Benchmark Ausbildungswebsites: Eltern nicht berücksichtigt
saatkorn: Welches Ergebnis hat Dich am meisten überrascht bzw. womit hättest Du nicht gerechnet?
Prof. Dr. Beck: Überrascht hat mich der Umstand, dass viele Unternehmen anscheinend immer noch davon ausgehen, dass der/die Schüler/in die Entscheidung für einen Ausbildungsberuf oder einen Ausbildungsbetrieb alleine treffen, was nach meiner Einschätzung eher ein „Mythos“ ist. So zeigte nicht zuletzt die Studie „Azubi-Recruiting Trends“ (u-form Testsysteme) auf, dass 51% der Ausbildungsinteressierten den Einfluss der Eltern bei der Berufswahl mit mindestens „stark“ angeben. Wenn dann aber, wie von den 227 untersuchten Ausbildungswebsites gerade einmal nur 7% der betrachteten Unternehmen/Institutionen ein separates Informationsangebot für Multiplikatoren und Influencer anbieten, gilt es diesen Tatbestand nochmal zu überdenken.

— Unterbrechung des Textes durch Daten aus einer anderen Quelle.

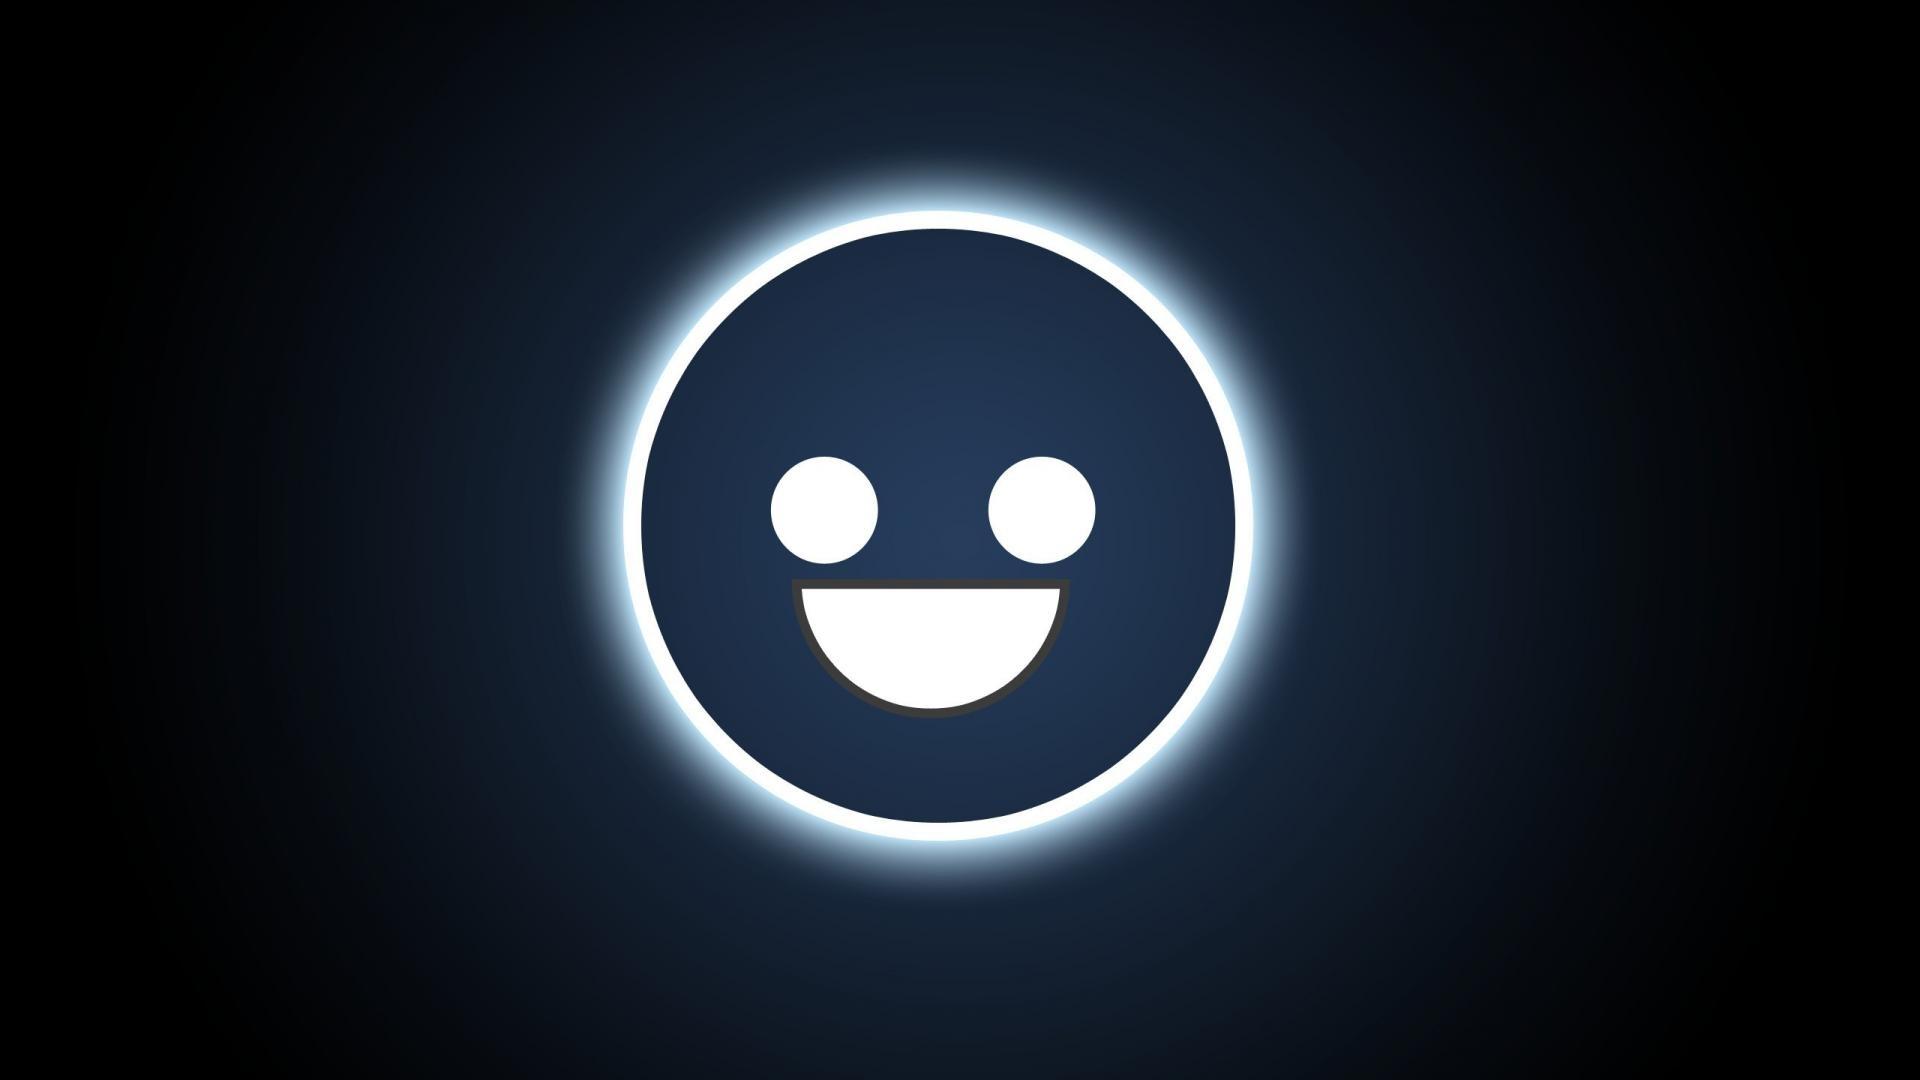 smiley face icons simplistic black background symbols wallpaper

saatkorn: Interessant fand ich im Interview Deine Anmerkung, dass die Ausbildungswebsite zunehmend zielgruppenspezifischer ausgestaltet werden sollte, weil viele sicherlich meinen, dass sie dies schon tun. Du meinst damit aber, dass die Ausbildung zwischenzeitlich wesentlich differenzierter zu betrachten ist und somit für eine gute Zielgruppenansprache auf der Ausbildungswebsite auch die Orientierungs- und Informationsangebote zielgruppenspezifisch (Duale Ausbildung / Duales Studium / Quereinsteiger etc.) bereitgestellt werden sollten. Mehr als interessant.
Ich bedanke mich zunächst einmal bei Dir für die ersten Einblicke in die Studienergebnisse und hoffe, dass Du weiterhin an dem Thema Ausbildungswebsites dran bleibst und es in Zukunft eine Neuauflage des Benchmark Ausbildungswebsites geben wird.